One of his recent posts is a photograph of a great blue heron, its bill agape, standing on rocks as water rushes around its legs.

The Army veteran spent his childhood in western New York, and used to hunt with his grandfather. He doesn’t hunt anymore, but said he uses the same skills for wildlife photography.

“The main thing we tell people is, just pick a spot, sit still and wait,” McPeek said.

The Canonsburg Lake pair laid two eggs in 2017. When they hatched, one of the fledglings was killed when it flew into some power lines. The other got hurt somehow, so the state Game Commission caught it and took it to a sanctuary to rehabilitate it before releasing it into the wild. The couple laid another egg in 2018, and two last year. McPeek said they laid at least one egg this year, too.

Jim Bonner, executive director of the Audubon Society of Western Pennsylvania, said that eagles have made a comeback throughout the western region of the state in the last dozen or so years. Fish are the major part of their diet, so cleaning up waterways has helped to bring them back to the area.

DDT – a toxic insecticide that wasn’t banned until the early 1970s – affected the birds, too, since they’re at the top of the food chain. Bonner said the synthetic compound interfered with the mothers’ ability to use calcium, so they laid soft-shelled eggs that broke when the birds tried to incubate them.

The elimination of DDT and cleaner water helped the birds make a comeback throughout the state, and particularly in areas of Western Pennsylvania where they wouldn’t have been spotted before.
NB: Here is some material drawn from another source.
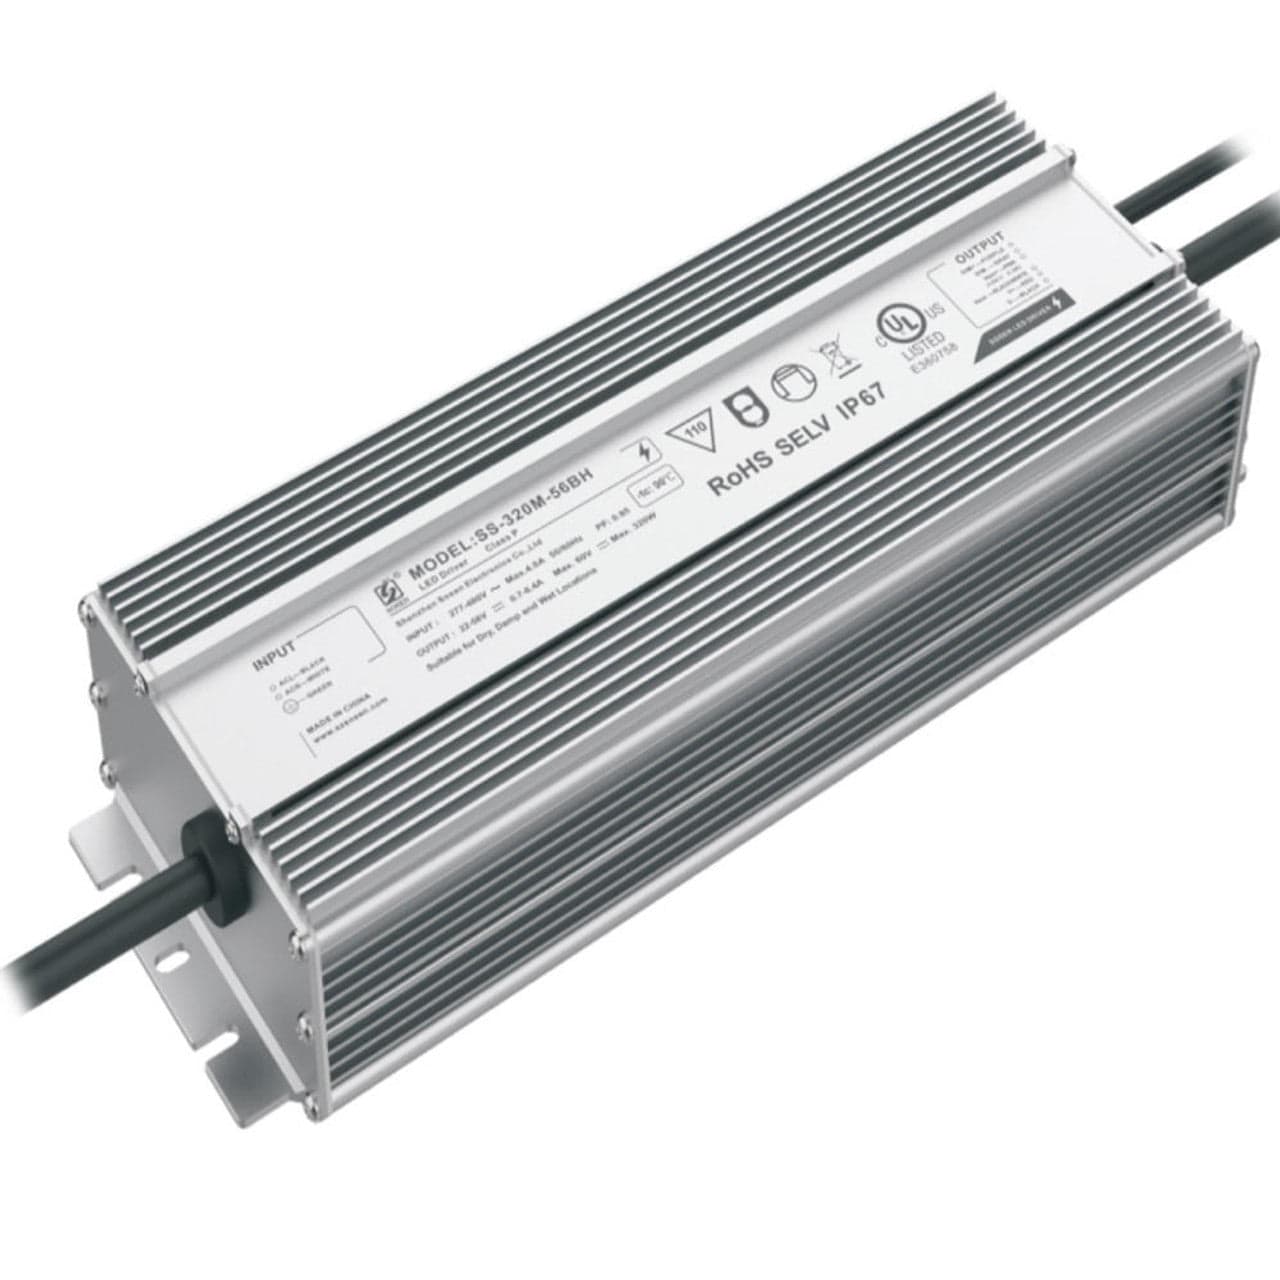 300W Sosen LED Driver - 277-480VAC Dimmable - 56VDC

The popular Hays Bald Eagle Cam, a joint venture of CSE Corp. and the Audubon Society, keeps tabs on the first bald eagle nest in Pittsburgh in 150 years. The pair lives and breeds on the Monongahela River in the eastern area of the city.

Bonner said there are differences between the “more traditional” photographers and bird watchers. Like McPeek and the friends he’s made by going to Canonsburg Lake, the die-hards of that group tend to be people who’re willing to wait for hours, often in the wet and cold, for an opportunity. They need high-quality cameras and lenses.

Devotees of the Hays and other nest cameras are “no less passionate,” Bonner said, but their interests tend to be different. Watching the birds and their eggs up close, they’re more likely to anthropomorphize – project human emotions and other characteristics – onto the eagles.

However people become interested in them, Bonner said, eagles are so well known and easily recognized that they can serve as a good way to get people interested in nature. For example, robins are smaller and more common, but have their life cycles right in people’s backyards.

McPeek said he’s still surprised by some who often kayak and fish at Canonsburg Lake but don’t realize that eagles are there. He said the birds wouldn’t be there if they weren’t comfortable with the noise and people in the surroundings, but he hopes people avoid harassing or chasing the birds.

“For the most part, everybody’s very respectful to the eagle,” he said. “Which is important to us.”